Another embodiment includes a container containing the fixative composition described above. In one embodiment, the container further includes a biological sample to be fixed. Such a container containing a sample can be used to transport the sample to different locations. In another embodiment, the container and/or composition is sterile. In further embodiments, the container is labeled. In another embodiment, the container is a pathologist box.

A further embodiment includes a kit comprising a container containing the aforementioned composition. In one embodiment, the container is sterile. In another embodiment, the kit includes one or more containers, and at least one container is prefilled with the fixative composition described above. In further embodiments, the kit further includes an instrument for obtaining a biopsy. In another embodiment, at least one of the one or more containers is a pathologist box. The kit may include a standard tissue biopsy shipping container that is approximately the size of a yogurt container.

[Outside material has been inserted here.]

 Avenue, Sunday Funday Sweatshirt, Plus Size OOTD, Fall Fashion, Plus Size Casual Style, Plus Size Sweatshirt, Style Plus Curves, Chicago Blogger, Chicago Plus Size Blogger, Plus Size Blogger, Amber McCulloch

Fixative compositions can be used to fix DNA and/or RNA in tumor tissue. Fixative compositions can also be used to aid in personalized vaccine development. For example, a tumor sample can be fixed with a fixative solution as described herein. Tumor nucleic acids can then be sequenced to obtain information about their sequence composition in order to develop personalized vaccines for cancer patients that induce specific mutations. For example, in glioblastoma multiforme patients, a personalized vaccine is developed for the patient. These have shown better survival rates than conventional therapies. Amber allows for better preservation of DNA and RNA, and greater diversity and stability of epitopes are available for vaccine development. Thus, a fixative solution may be included in a kit and/or used for tumor gene mutation assessment.

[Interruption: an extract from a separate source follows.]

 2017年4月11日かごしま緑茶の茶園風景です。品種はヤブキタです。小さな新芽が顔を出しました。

The above disclosure generally describes the present application. A more complete understanding can be obtained by reference to the following specific examples. These examples are provided for illustrative purposes only and are not intended to limit the scope of this application. Changes in form and substitution of equivalents are contemplated as circumstances may suggest or may render expedient. Although specific terms are used herein, such terms are intended in a descriptive sense and not for purposes of limitation.

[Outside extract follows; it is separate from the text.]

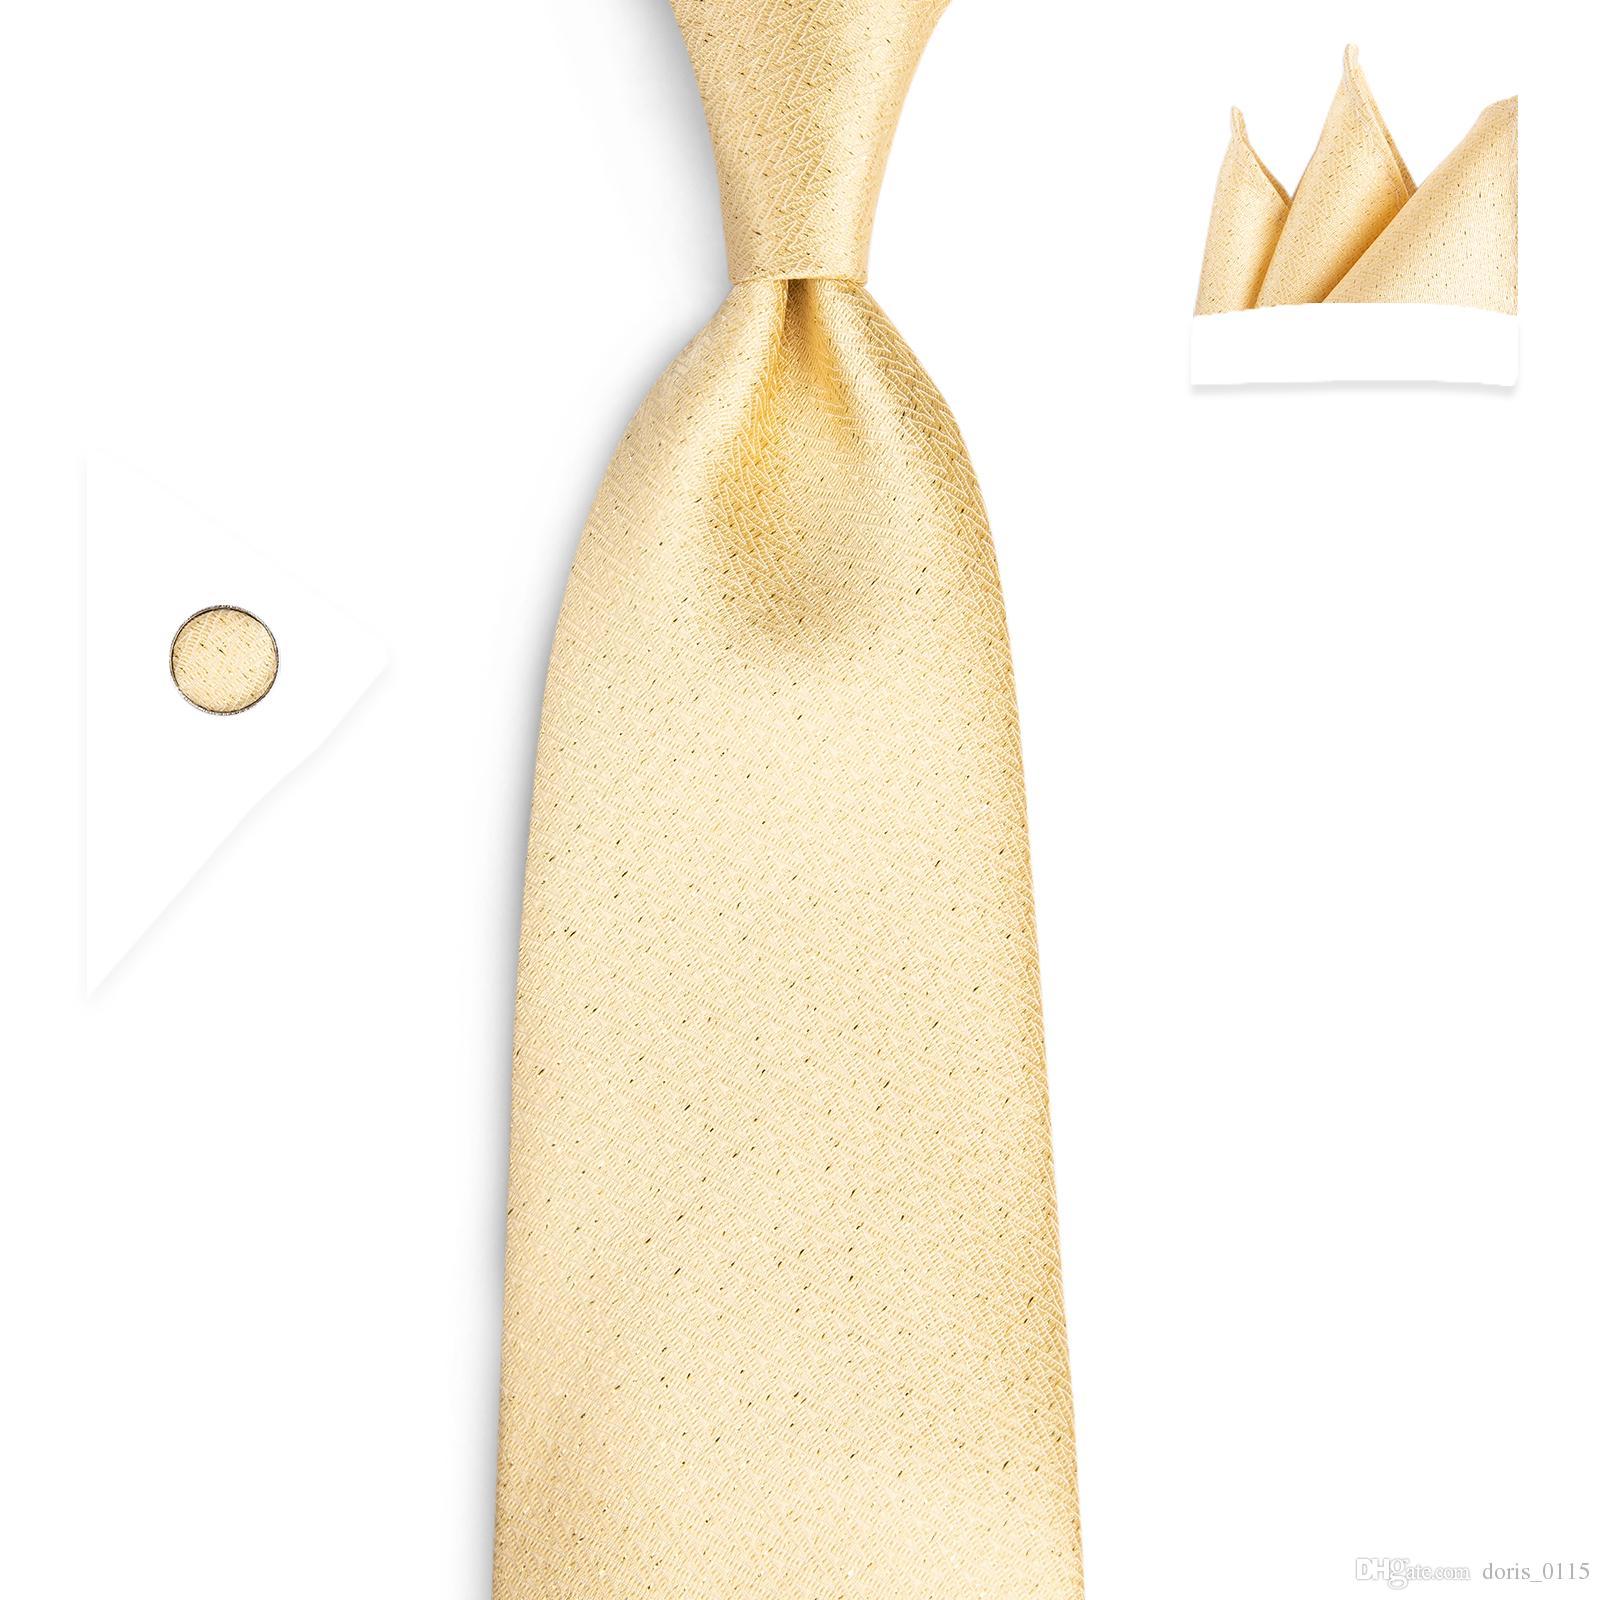 하이 넥타이 새로운 넥타이 골드 솔리드 넥타이 포켓 스퀘어 커프스 단추 100 % 실크 수제 고품질 150cm 넥타이 웨딩 크리스마스 넥타이 SN-7024

The following non-limiting examples are illustrative of the present disclosure:

Example 1
Some of the Amber formulations contain low potassium (e.g., a concentration of about 6+/-5 mmol) and/or high sodium (e.g., a concentration of about 138+/-50 mmol), which can limit reactive oxygen species. Incorporating, for example, lactobionic acid, which is a sugar acid that provides a stimulant for the formulation, glutathione, which can prevent damage to cells from free radicals, peroxides, lipid peroxides and heavy metals, honey. It has been found herein that a 1:10 dilution of honey can be used to preserve DNA and RNA integrity and fix samples. In addition, coconut oil is used in some formulations to provide lipids for imaging properties in MRI. Coconut oil has similar properties to honey regarding tissue preservation. An exemplary composition includes the following components listed in Table 2. Several types of honey have been tested, listed in Table 3.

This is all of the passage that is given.